The primary concern of the original engineers appears to have been fragmentation - that is, the repeated allocation and deallocation of memory through pointers leads to many small isolated areas of memory which cannot be used because they are too small, even though the total free memory may be sufficient to satisfy a particular request for memory. To solve this, Apple engineers used the concept of a relocatable handle, a reference to memory which allowed the actual data referred to be moved without invalidating the handle. Apple's scheme was simple - a handle was simply a pointer into a (non relocatable) table of further pointers, which in turn pointed to the data. If a memory request required compaction of memory, this was done and the table, called the master pointer block, was updated. The machine itself implemented two areas in memory available for this scheme - the system heap (used for the OS), and the application heap. As long as only one application at a time was run, the system worked well. Since the entire application heap was dissolved when the application quit, fragmentation was minimized.
The memory management system had weaknesses, however. The system heap was not protected from errant applications, as would have been possible if the system architecture had supported memory protection, and this was frequently the cause of system problems and crashes. In addition, the handle-based approach also opened up a source of programming errors, where pointers to data within such relocatable blocks could not be guaranteed to remain valid across calls that might cause memory to move. In reality this was a problem in almost every system API that existed. Thus the onus was on the programmer not to create such pointers, or at least manage them very carefully by dereferencing all handles after every such API call. Since many programmers were not generally familiar with this approach, early Mac programs suffered frequently from faults arising from this.

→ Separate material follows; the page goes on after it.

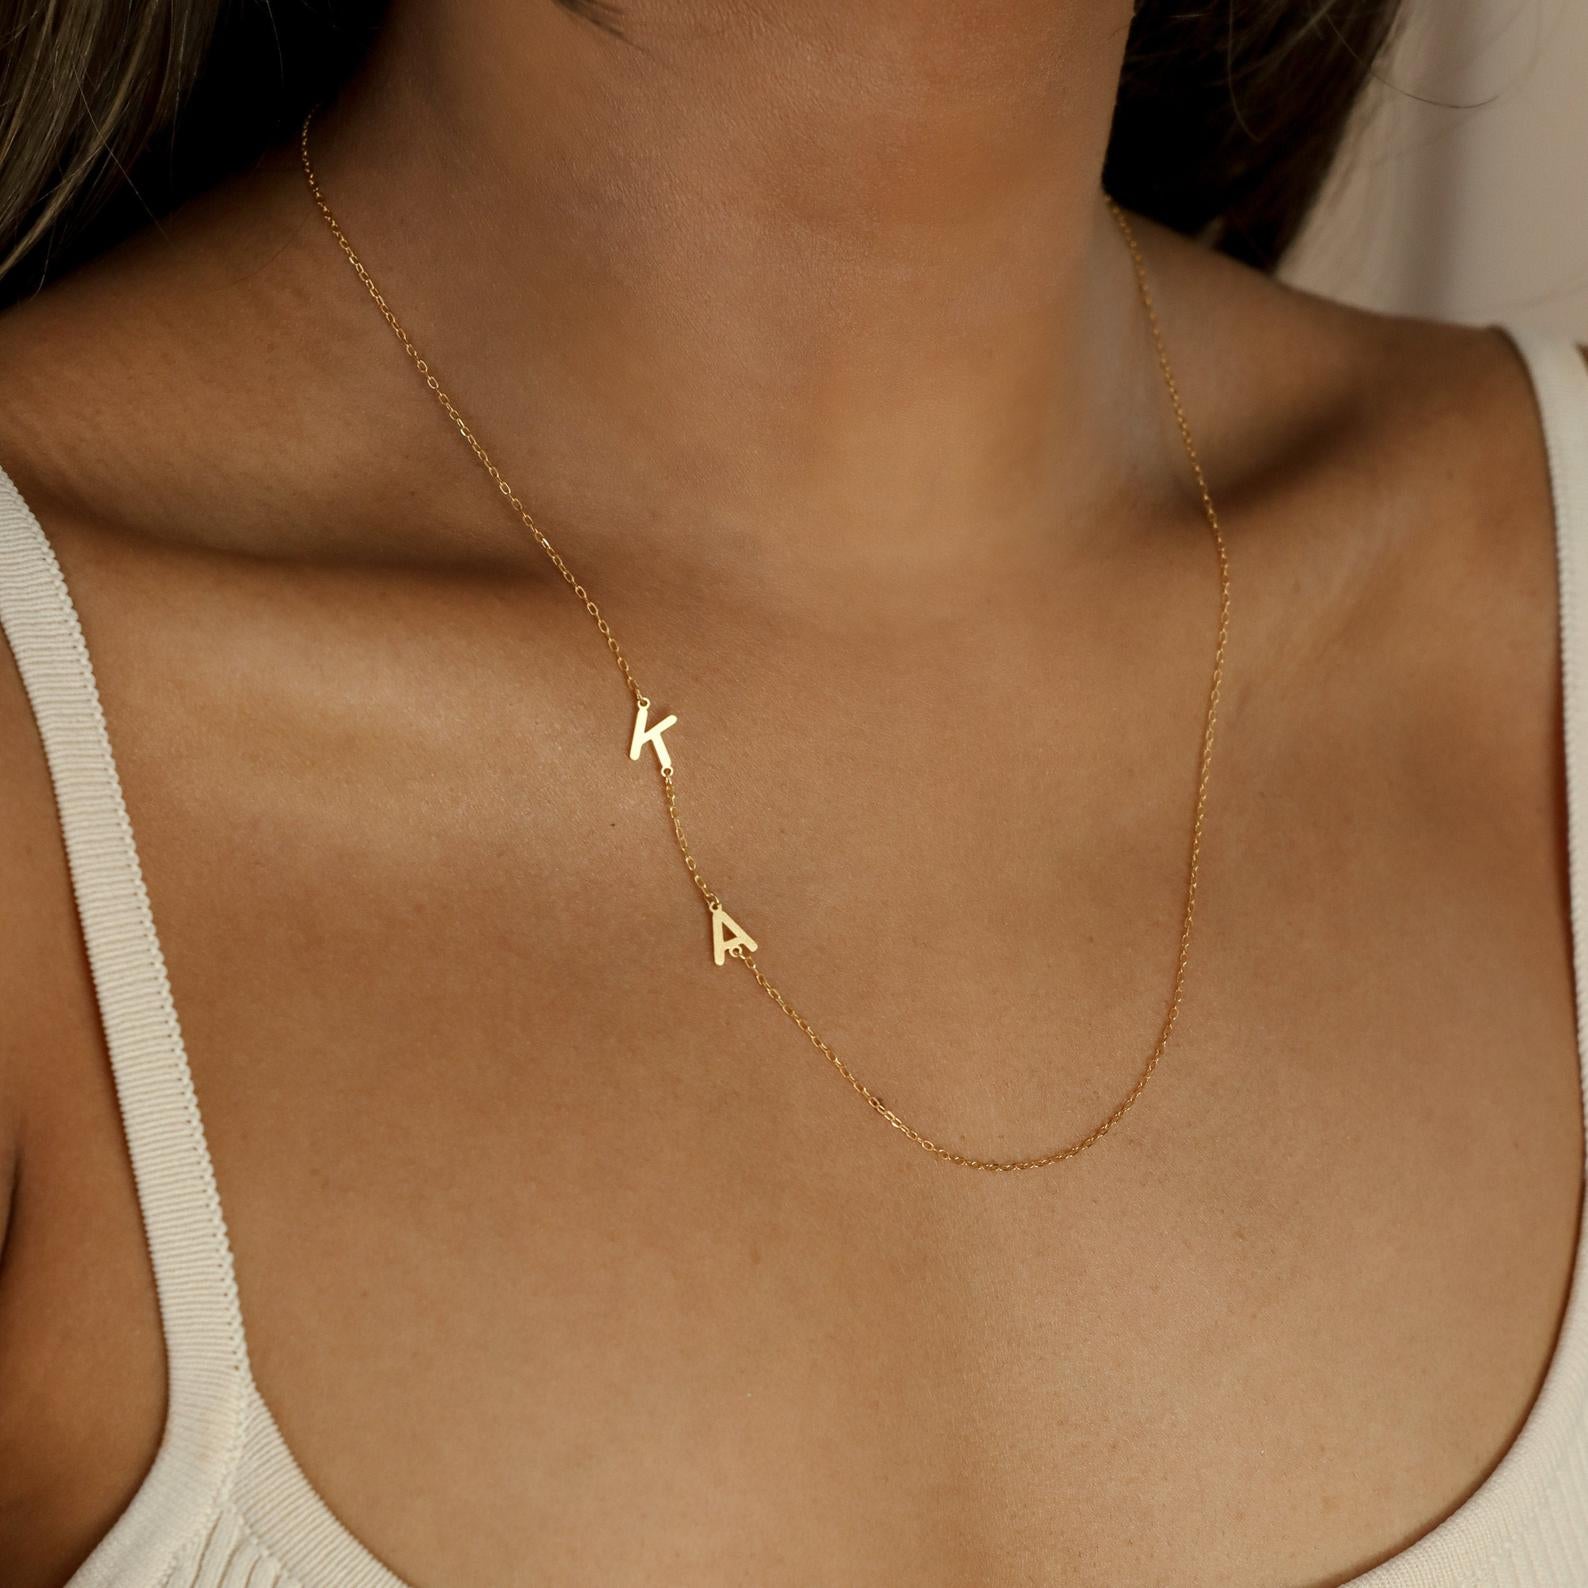 Buy Sideways Initial Necklace Sideways Letter Necklace Gold Letter Necklace  Personalized Necklace Bridesmaid Gift Valentine's Day Gift Online in India  - Etsy

Palm OS and 16-bit Windows use a similar scheme for memory management. However, the Palm and Windows versions make programmer error more difficult. For instance, in Mac OS, to convert a handle to a pointer, a program just de-references the handle directly. However, if the handle is not locked, the pointer can become invalid quickly. Calls to lock and unlock handles are not balanced; ten calls to HLock are undone by a single call to HUnlock. In Palm OS and Windows, handles are an opaque type and must be de-referenced with MemHandleLock on Palm OS or Global/LocalLock on Windows. When a Palm or Windows application is finished with a handle, it calls MemHandleUnlock or Global/LocalUnlock. Palm OS and Windows keep a lock count for blocks; after three calls to MemHandleLock, a block will only become unlocked after three calls to MemHandleUnlock.
Addressing the problem of nested locks and unlocks can be straightforward (although tedious) by employing various methods, but these intrude upon the readability of the associated code block and require awareness and discipline on the part of the coder.
Memory leaks and stale references
Awareness and discipline are also necessary to avoid memory "leaks" (failure to deallocate within the scope of the allocation) and to avoid references to stale handles after release.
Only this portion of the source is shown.